* [To do]: Restate word for word each line of the data, starting at the one containing "Kindness wearing GIAMBATTISTA" and running through the last.

* [Material supplied]:
# # #

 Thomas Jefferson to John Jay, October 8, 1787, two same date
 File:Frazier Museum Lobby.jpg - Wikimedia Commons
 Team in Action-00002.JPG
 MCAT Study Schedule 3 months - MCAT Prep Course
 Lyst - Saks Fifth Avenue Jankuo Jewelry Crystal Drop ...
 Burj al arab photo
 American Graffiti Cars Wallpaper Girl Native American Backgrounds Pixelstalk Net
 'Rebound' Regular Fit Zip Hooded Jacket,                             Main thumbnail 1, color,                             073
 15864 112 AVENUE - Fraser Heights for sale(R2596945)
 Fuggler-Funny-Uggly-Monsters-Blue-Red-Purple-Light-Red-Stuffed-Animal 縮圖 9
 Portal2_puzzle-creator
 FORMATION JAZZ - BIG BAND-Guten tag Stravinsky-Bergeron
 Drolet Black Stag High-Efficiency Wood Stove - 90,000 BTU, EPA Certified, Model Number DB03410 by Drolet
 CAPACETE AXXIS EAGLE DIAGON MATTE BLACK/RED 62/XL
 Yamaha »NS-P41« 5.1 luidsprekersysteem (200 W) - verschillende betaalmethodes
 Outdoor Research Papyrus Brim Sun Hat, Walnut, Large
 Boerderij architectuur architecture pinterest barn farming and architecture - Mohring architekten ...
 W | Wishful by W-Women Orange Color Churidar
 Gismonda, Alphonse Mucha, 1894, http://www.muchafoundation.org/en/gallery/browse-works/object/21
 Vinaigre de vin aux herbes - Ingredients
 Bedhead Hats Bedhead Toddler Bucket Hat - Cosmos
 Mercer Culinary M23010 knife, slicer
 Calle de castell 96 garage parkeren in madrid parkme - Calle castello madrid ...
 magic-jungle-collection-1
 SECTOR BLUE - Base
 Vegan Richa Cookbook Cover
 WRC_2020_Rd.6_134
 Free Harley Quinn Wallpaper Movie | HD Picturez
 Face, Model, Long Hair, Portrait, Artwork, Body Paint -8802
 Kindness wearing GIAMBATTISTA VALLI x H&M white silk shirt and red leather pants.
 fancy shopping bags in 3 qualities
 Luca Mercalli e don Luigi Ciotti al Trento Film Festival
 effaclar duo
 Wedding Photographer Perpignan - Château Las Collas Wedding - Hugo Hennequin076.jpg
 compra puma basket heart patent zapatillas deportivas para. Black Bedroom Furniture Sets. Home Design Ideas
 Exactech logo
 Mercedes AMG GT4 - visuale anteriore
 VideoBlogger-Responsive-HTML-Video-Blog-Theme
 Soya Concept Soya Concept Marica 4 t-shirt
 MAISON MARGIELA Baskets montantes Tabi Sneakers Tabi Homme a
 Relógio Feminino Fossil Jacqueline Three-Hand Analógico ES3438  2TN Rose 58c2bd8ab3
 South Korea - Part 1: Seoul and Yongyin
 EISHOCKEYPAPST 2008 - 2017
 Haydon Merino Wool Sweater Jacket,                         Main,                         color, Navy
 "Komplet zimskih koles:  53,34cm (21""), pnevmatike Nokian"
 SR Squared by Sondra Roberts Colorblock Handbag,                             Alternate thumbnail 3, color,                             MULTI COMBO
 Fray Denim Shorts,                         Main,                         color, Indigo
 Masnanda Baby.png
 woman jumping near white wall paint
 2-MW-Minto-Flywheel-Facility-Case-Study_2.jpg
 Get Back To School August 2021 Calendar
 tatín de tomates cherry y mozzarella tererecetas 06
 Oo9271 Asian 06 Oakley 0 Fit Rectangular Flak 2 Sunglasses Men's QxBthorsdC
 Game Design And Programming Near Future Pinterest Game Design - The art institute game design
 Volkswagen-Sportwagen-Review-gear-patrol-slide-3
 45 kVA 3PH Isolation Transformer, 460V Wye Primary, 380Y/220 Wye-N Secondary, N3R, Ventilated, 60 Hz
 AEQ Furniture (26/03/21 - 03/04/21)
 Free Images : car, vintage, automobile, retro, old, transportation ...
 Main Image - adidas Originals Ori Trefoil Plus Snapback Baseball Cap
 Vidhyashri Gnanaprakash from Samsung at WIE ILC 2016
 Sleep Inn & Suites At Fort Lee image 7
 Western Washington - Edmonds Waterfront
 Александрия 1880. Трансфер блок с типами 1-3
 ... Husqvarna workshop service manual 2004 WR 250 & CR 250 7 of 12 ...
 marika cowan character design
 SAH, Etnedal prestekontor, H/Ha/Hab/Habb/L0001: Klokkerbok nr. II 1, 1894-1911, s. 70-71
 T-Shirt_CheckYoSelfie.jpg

# # #

* [Exercise response]:
 Kindness wearing GIAMBATTISTA VALLI x H&M white silk shirt and red leather pants.
 fancy shopping bags in 3 qualities
 Luca Mercalli e don Luigi Ciotti al Trento Film Festival
 effaclar duo
 Wedding Photographer Perpignan - Château Las Collas Wedding - Hugo Hennequin076.jpg
 compra puma basket heart patent zapatillas deportivas para. Black Bedroom Furniture Sets. Home Design Ideas
 Exactech logo
 Mercedes AMG GT4 - visuale anteriore
 VideoBlogger-Responsive-HTML-Video-Blog-Theme
 Soya Concept Soya Concept Marica 4 t-shirt
 MAISON MARGIELA Baskets montantes Tabi Sneakers Tabi Homme a
 Relógio Feminino Fossil Jacqueline Three-Hand Analógico ES3438  2TN Rose 58c2bd8ab3
 South Korea - Part 1: Seoul and Yongyin
 EISHOCKEYPAPST 2008 - 2017
 Haydon Merino Wool Sweater Jacket,                         Main,                         color, Navy
 "Komplet zimskih koles:  53,34cm (21""), pnevmatike Nokian"
 SR Squared by Sondra Roberts Colorblock Handbag,                             Alternate thumbnail 3, color,                             MULTI COMBO
 Fray Denim Shorts,                         Main,                         color, Indigo
 Masnanda Baby.png
 woman jumping near white wall paint
 2-MW-Minto-Flywheel-Facility-Case-Study_2.jpg
 Get Back To School August 2021 Calendar
 tatín de tomates cherry y mozzarella tererecetas 06
 Oo9271 Asian 06 Oakley 0 Fit Rectangular Flak 2 Sunglasses Men's QxBthorsdC
 Game Design And Programming Near Future Pinterest Game Design - The art institute game design
 Volkswagen-Sportwagen-Review-gear-patrol-slide-3
 45 kVA 3PH Isolation Transformer, 460V Wye Primary, 380Y/220 Wye-N Secondary, N3R, Ventilated, 60 Hz
 AEQ Furniture (26/03/21 - 03/04/21)
 Free Images : car, vintage, automobile, retro, old, transportation ...
 Main Image - adidas Originals Ori Trefoil Plus Snapback Baseball Cap
 Vidhyashri Gnanaprakash from Samsung at WIE ILC 2016
 Sleep Inn & Suites At Fort Lee image 7
 Western Washington - Edmonds Waterfront
 Александрия 1880. Трансфер блок с типами 1-3
 ... Husqvarna workshop service manual 2004 WR 250 & CR 250 7 of 12 ...
 marika cowan character design
 SAH, Etnedal prestekontor, H/Ha/Hab/Habb/L0001: Klokkerbok nr. II 1, 1894-1911, s. 70-71
 T-Shirt_CheckYoSelfie.jpg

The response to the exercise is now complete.